Your objective
Repeat the listing exactly, minus the pictures.

Data section
*****

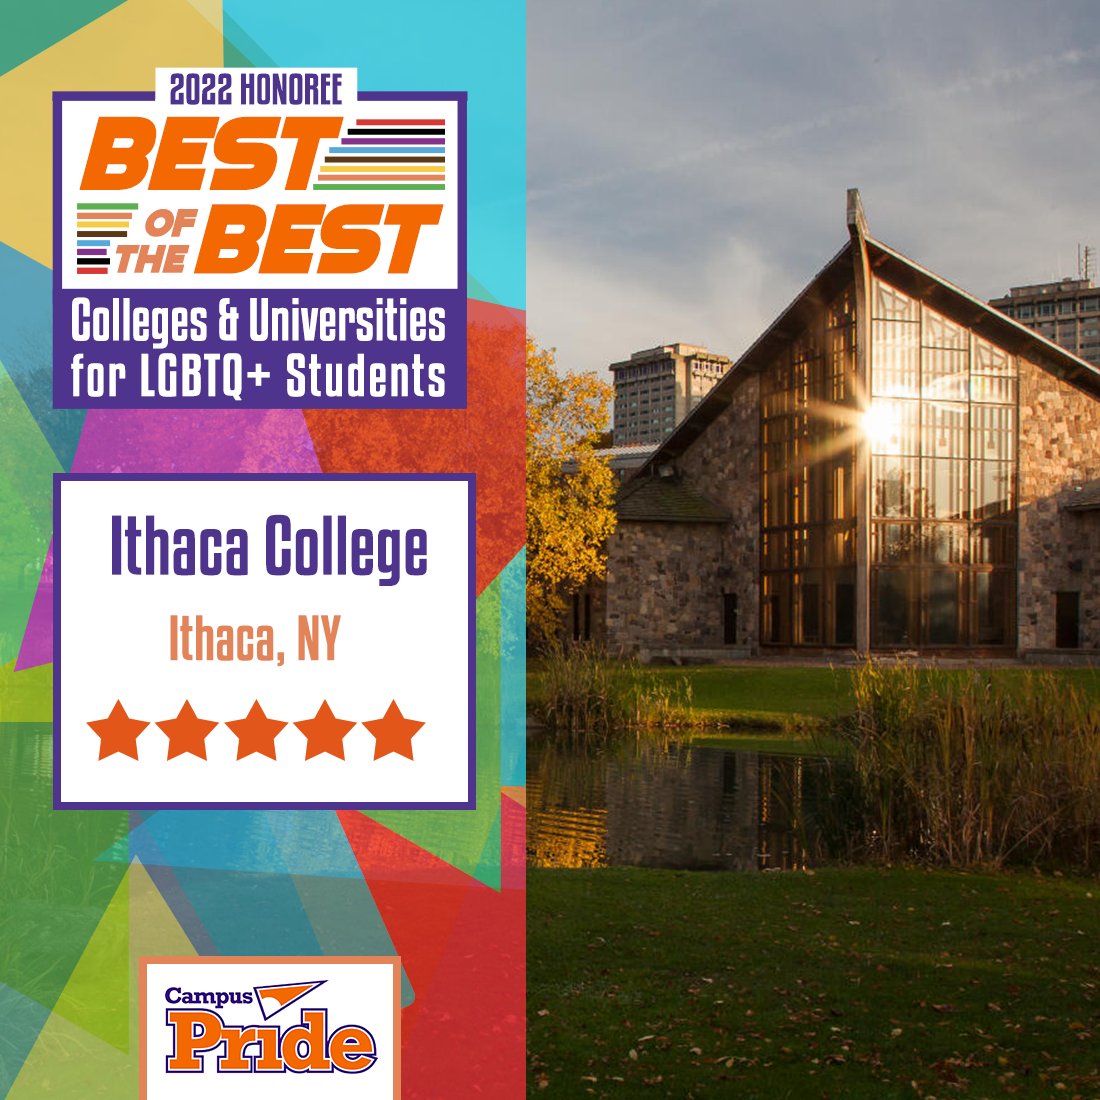 IC is proud and honored to be included on @CampusPride’s list of Best of the Best Colleges and Universities for LGBTQ+ Students—setting a positive example for inclusion, equity, and belonging on campus! See IC News: ithaca.edu/news/place-inc…
@iclgbt #IthacaCollege #LGBTQStudents
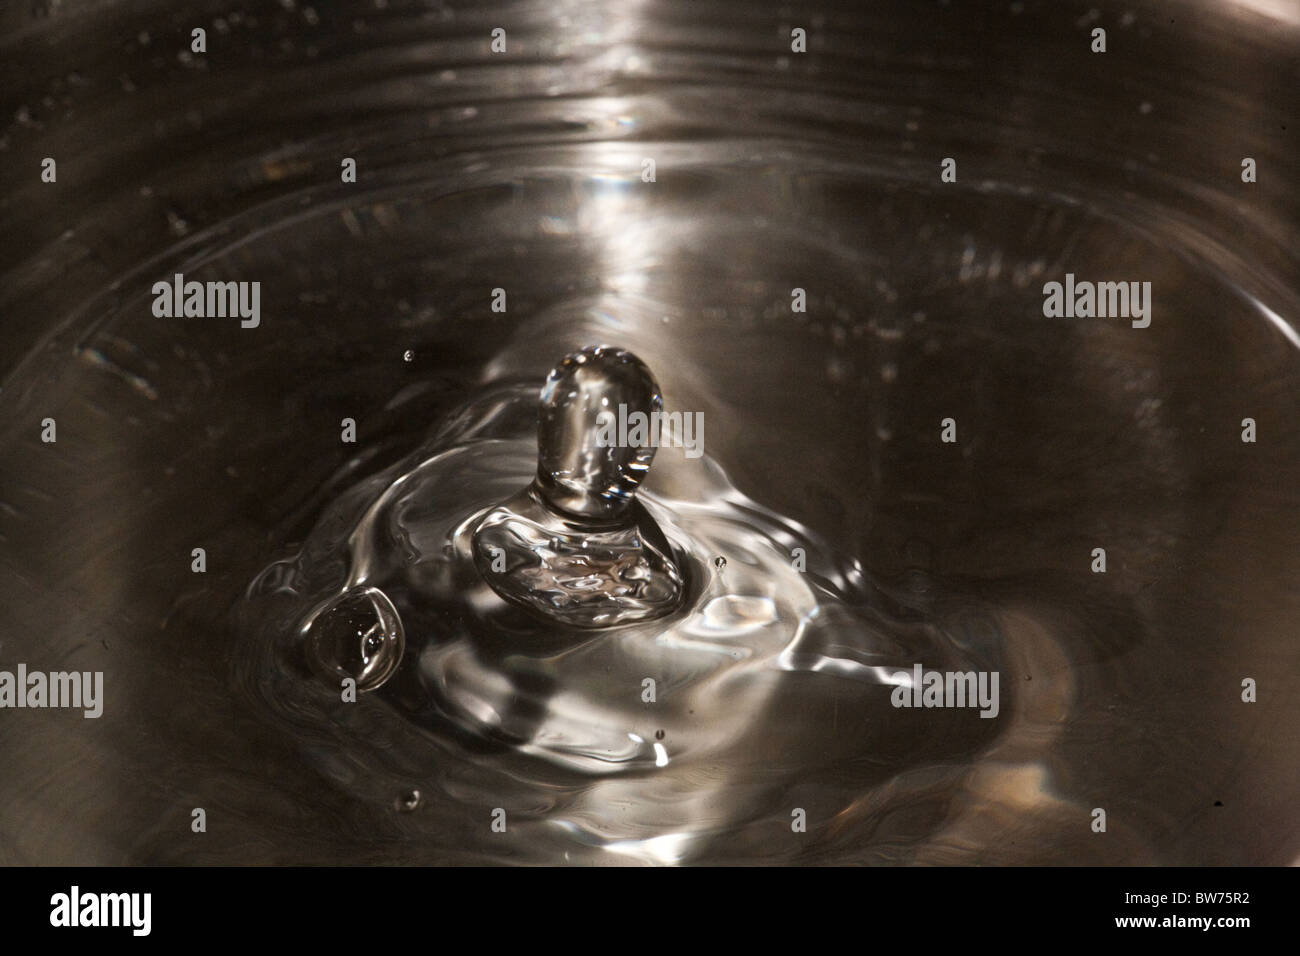 Droplets hitting water surface. Stock Photo

*****

Answer section
 IC is proud and honored to be included on @CampusPride’s list of Best of the Best Colleges and Universities for LGBTQ+ Students—setting a positive example for inclusion, equity, and belonging on campus! See IC News: ithaca.edu/news/place-inc…
@iclgbt #IthacaCollege #LGBTQStudents
 Droplets hitting water surface. Stock Photo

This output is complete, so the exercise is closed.